Pembelaan Tegas Sang Pelatih
Menanggapi pertanyaan seputar keputusannya untuk tidak menarik Ronaldo, Roberto Martinez memberikan pembelaan tegas. Pelatih asal Spanyol itu menjelaskan bahwa dalam situasi tim yang sangat membutuhkan gol, menarik keluar seorang Cristiano Ronaldo bukanlah pilihan yang masuk akal.
"Ketika sebagai sebuah tim Anda sedang membutuhkan gol, Anda tidak bisa menarik Cristiano Ronaldo keluar. Dia bisa bermain 90 menit, tidak masalah," ujar Martinez, seperti dikutip dari ESPN. Martinez menekankan bahwa kehadiran Ronaldo di lapangan memiliki dampak yang signifikan. "Dia adalah sosok yang berpengaruh, dia membuka ruang, dalam situasi bola mati, apa pun di dalam kotak penalti, tidak akan masuk akal (untuk menggantinya)."

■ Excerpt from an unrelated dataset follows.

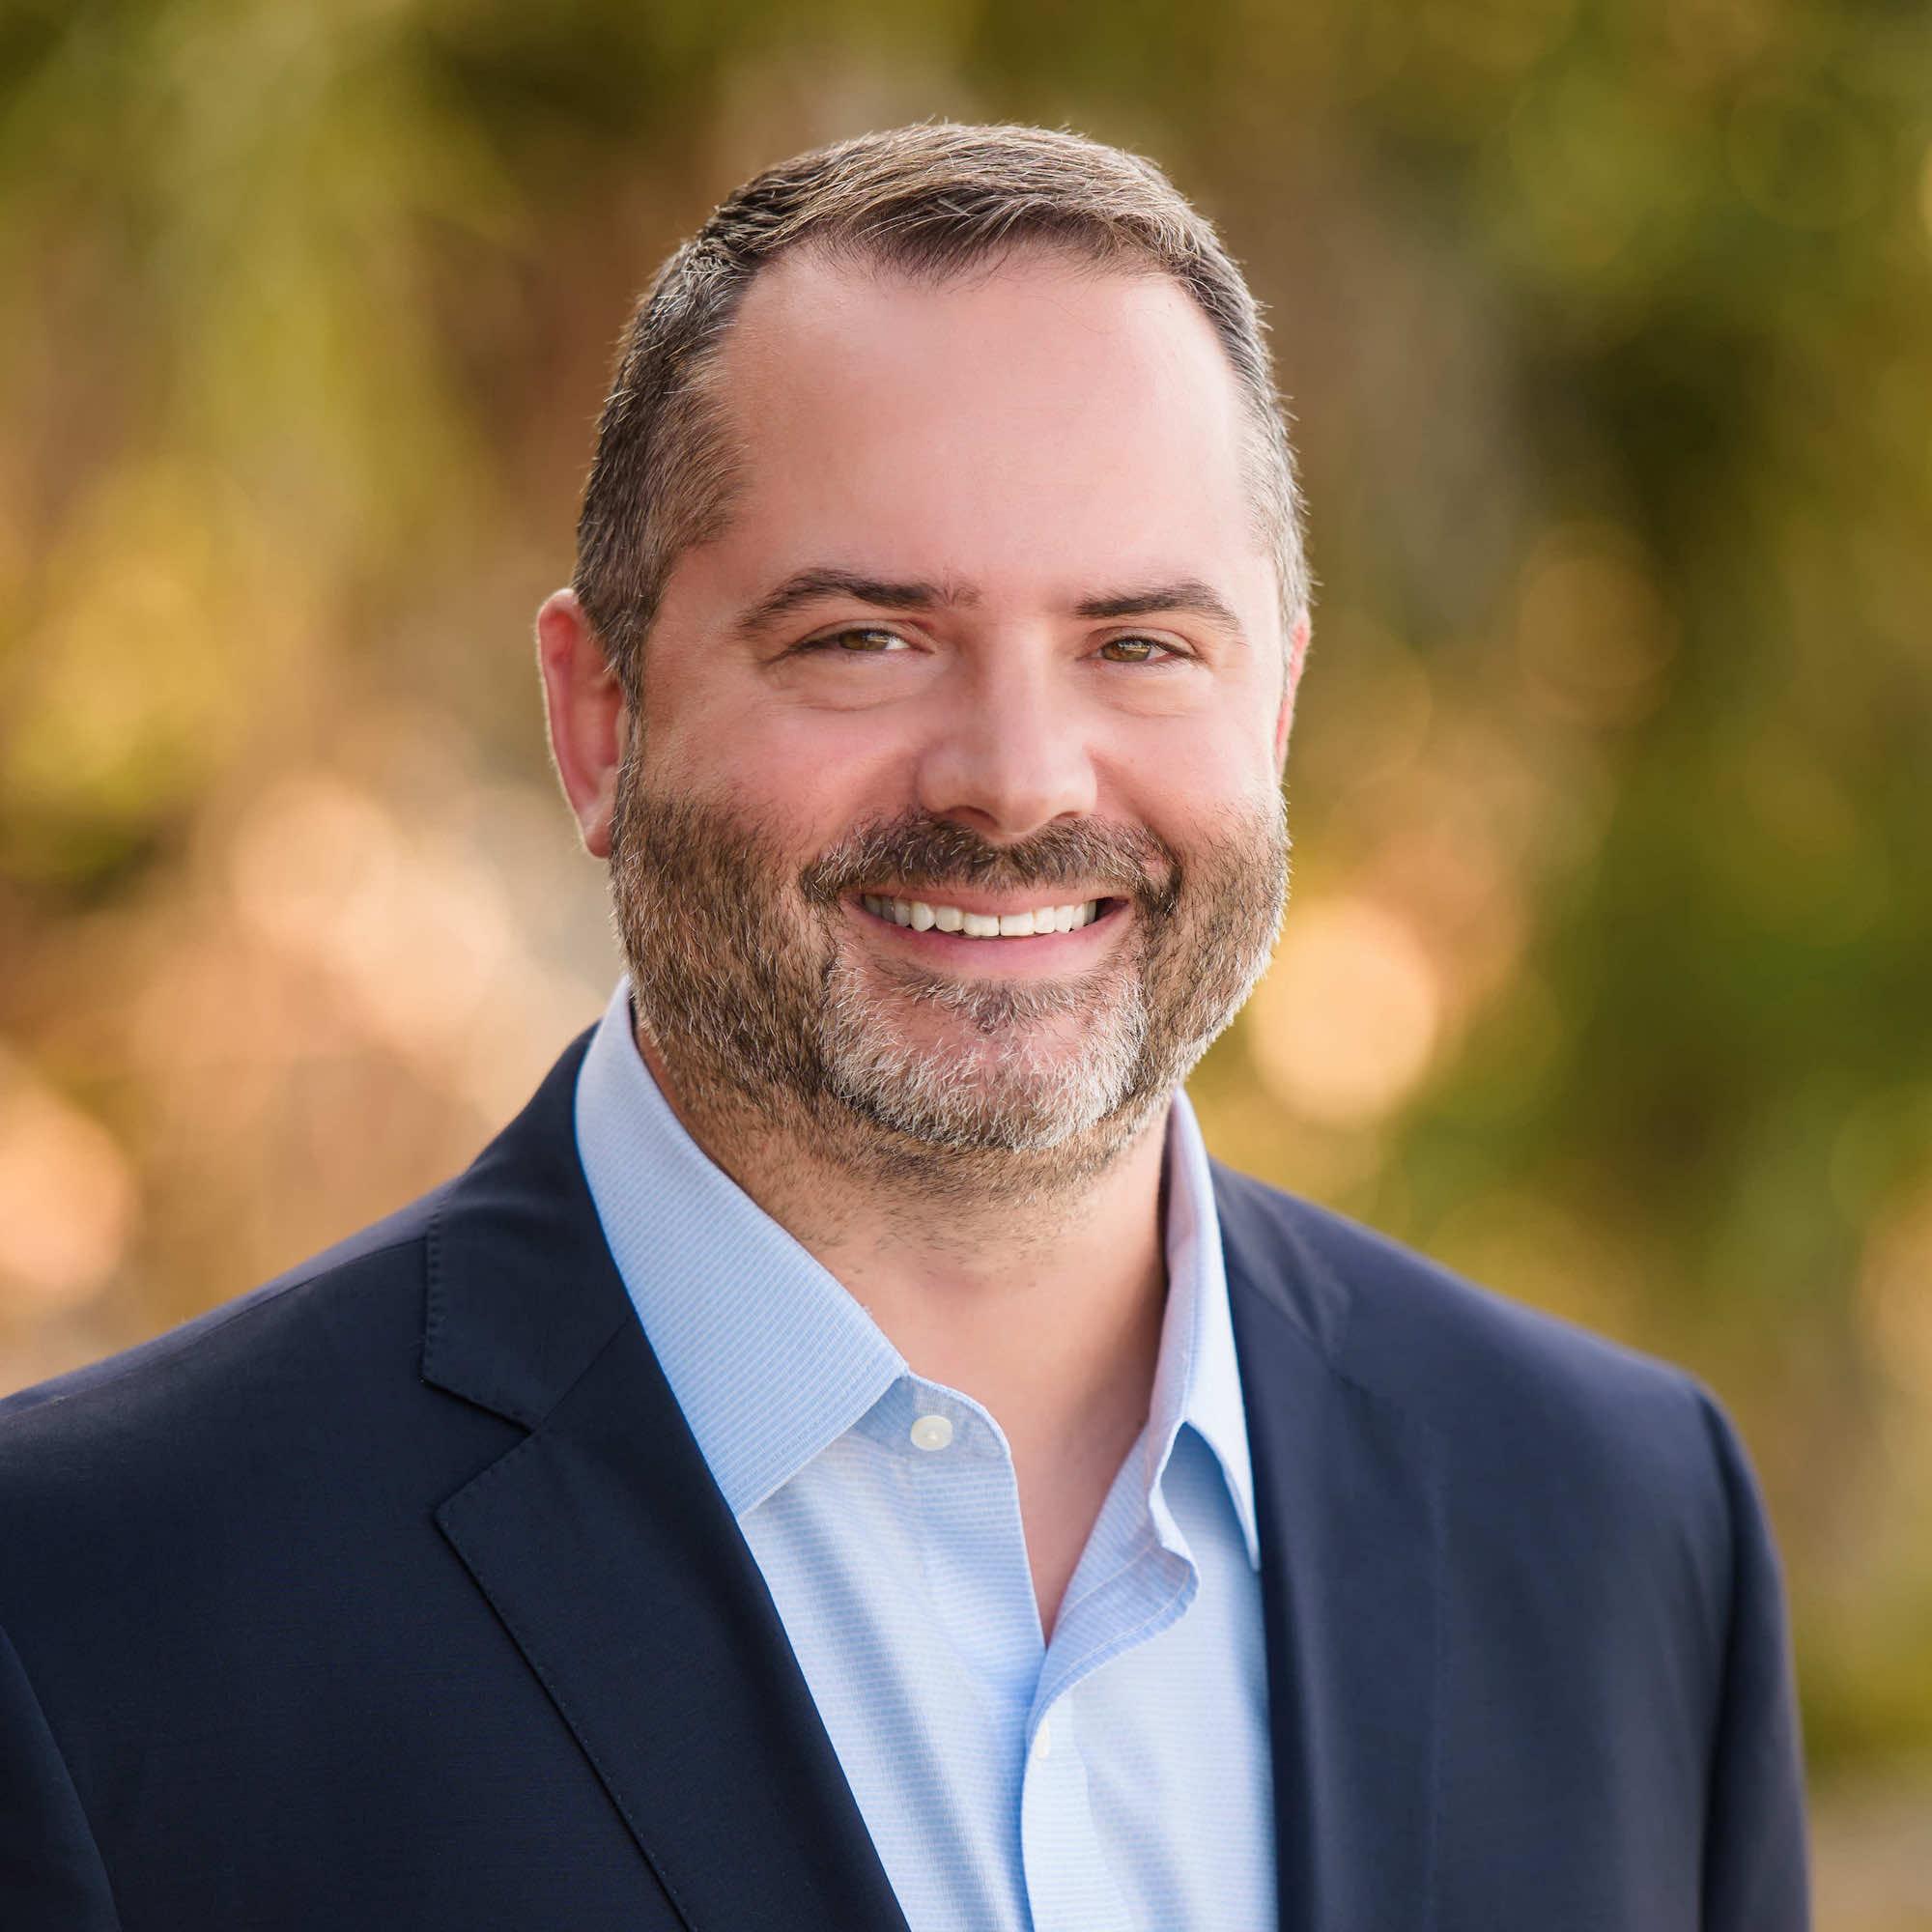 Chris Shoup, CFP® headshot Apollo Beach, FL SouthShore Financial Planning, LLC

Martinez menambahkan bahwa pertimbangan untuk memasukkan Goncalo Ramos mungkin akan lebih relevan jika pertandingan berlanjut ke babak tambahan waktu. "Tetapi kami harus mempertahankan struktur permainan, bukan saatnya menarik pencetak gol terbanyak Anda keluar dalam kurun waktu 90 menit," tegasnya, menggarisbawahi pentingnya menjaga keseimbangan dan ancaman di lini depan saat waktu normal masih berjalan.

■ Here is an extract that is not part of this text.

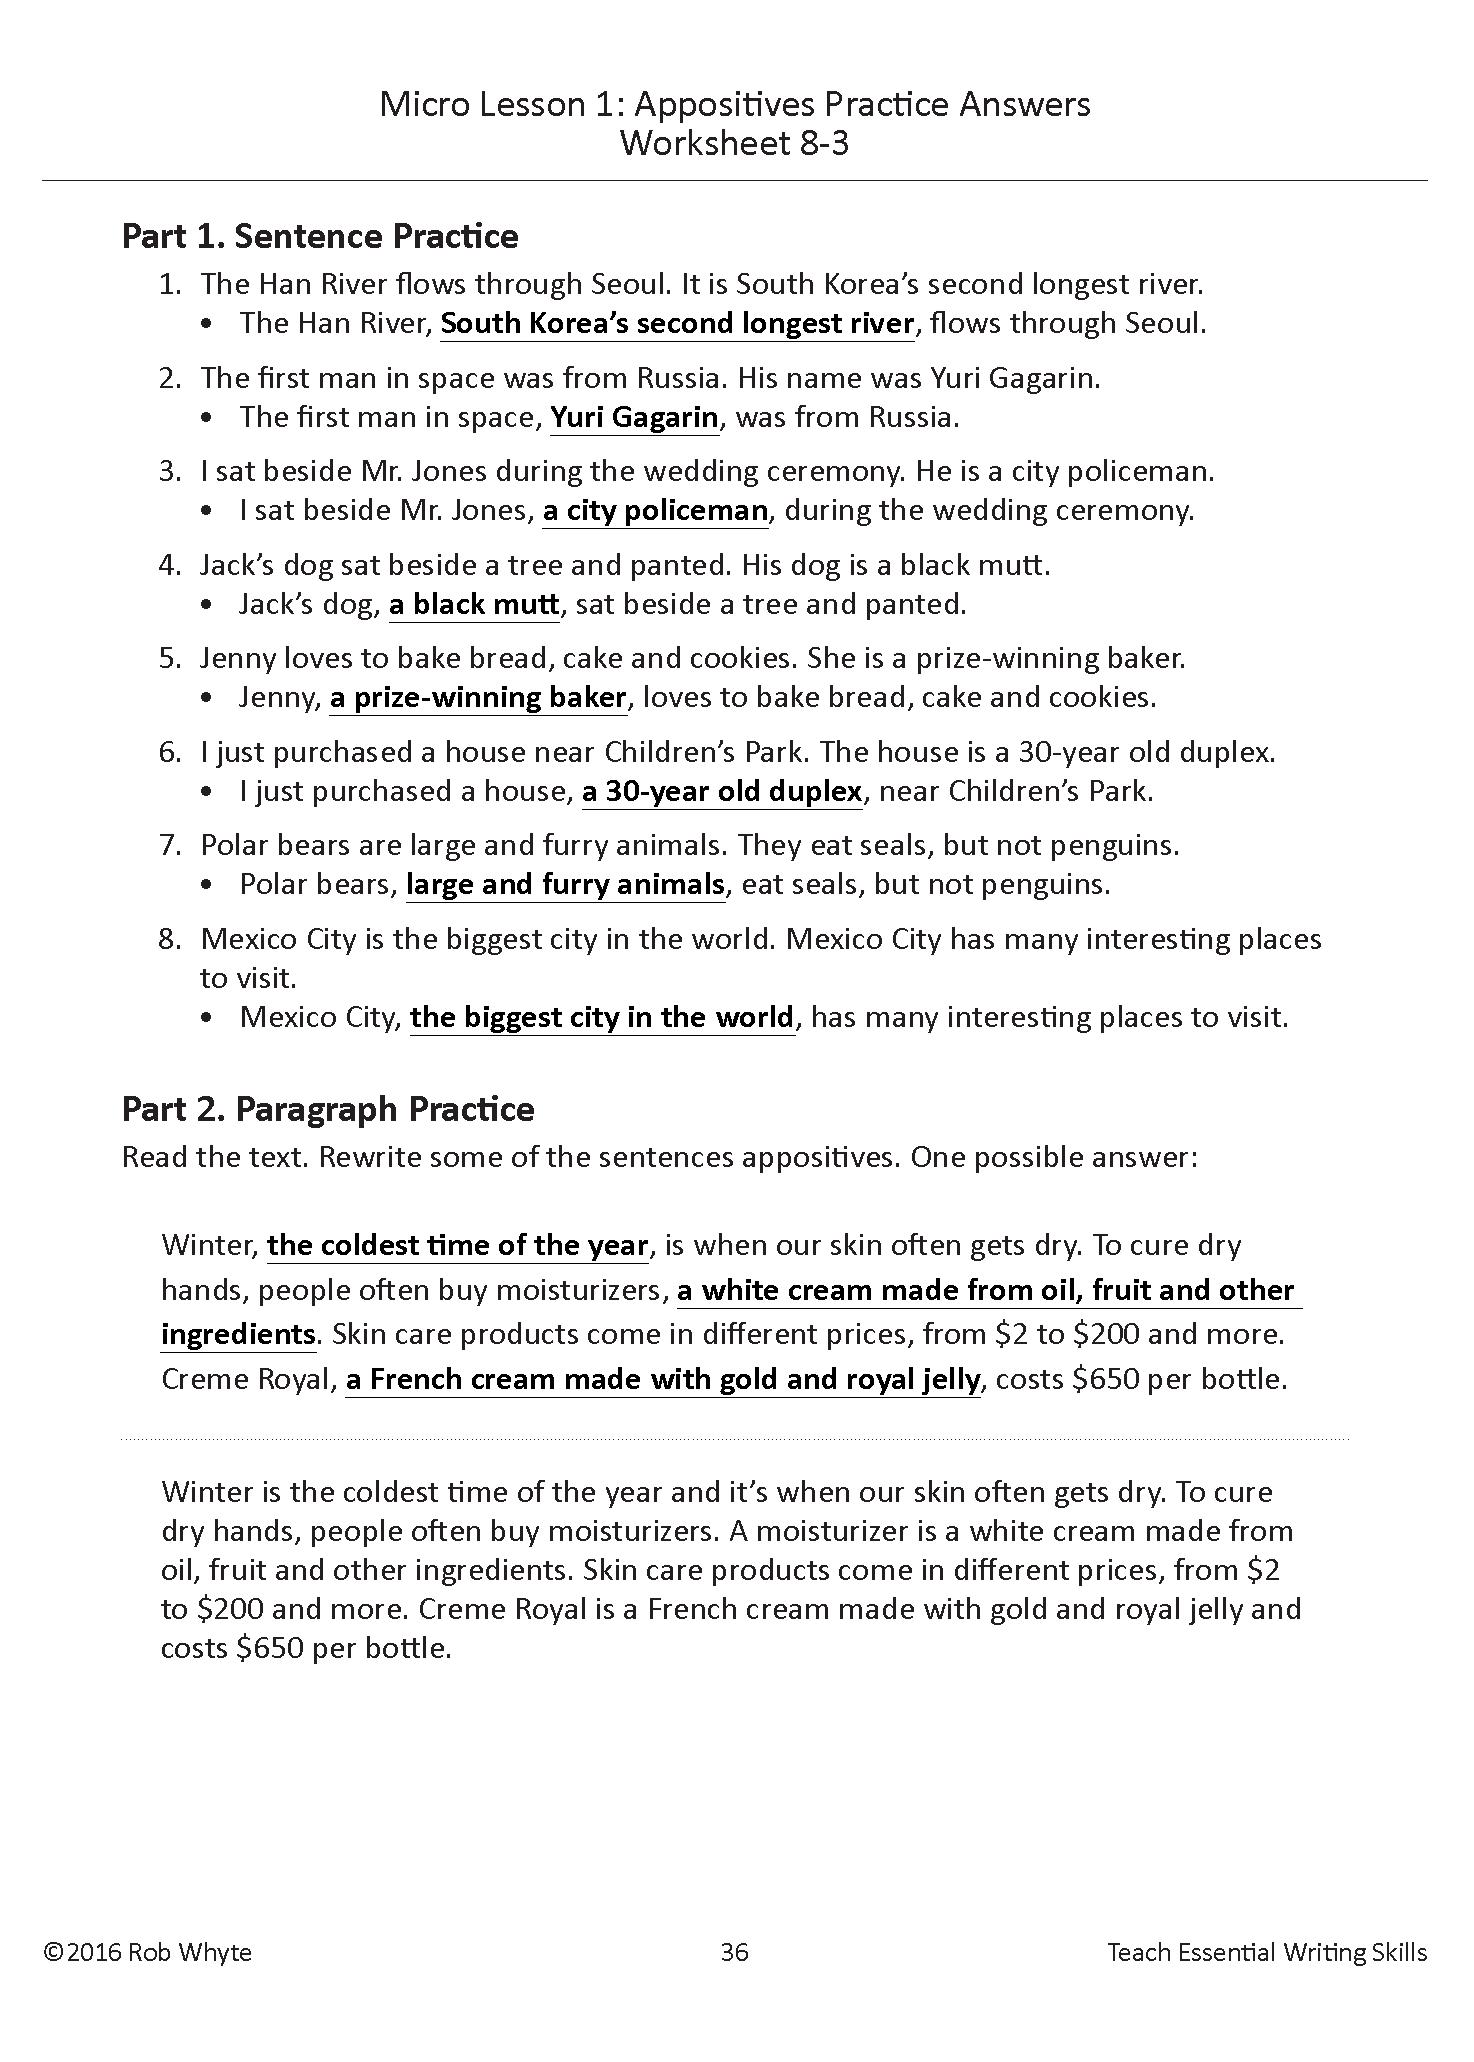 worksheet Appositive Practice Worksheet appositive 3 eslwriting org 3

Akhir Sebuah Era yang Pahit
Kekalahan ini bukan hanya menjadi penutup kisah Portugal di Piala Dunia 2026, tetapi juga menandai akhir dari sebuah era. Cristiano Ronaldo sebelumnya telah menyatakan bahwa ia tidak akan ambil bagian di edisi berikutnya, menjadikan laga ini sebagai penampilan terakhirnya di panggung Piala Dunia. Bagi Roberto Martinez sendiri, perjalanan singkatnya sebagai pelatih Portugal juga berakhir di titik ini, meninggalkan warisan berupa keputusan-keputusan yang akan terus menjadi bahan perdebatan di kalangan penggemar sepak bola.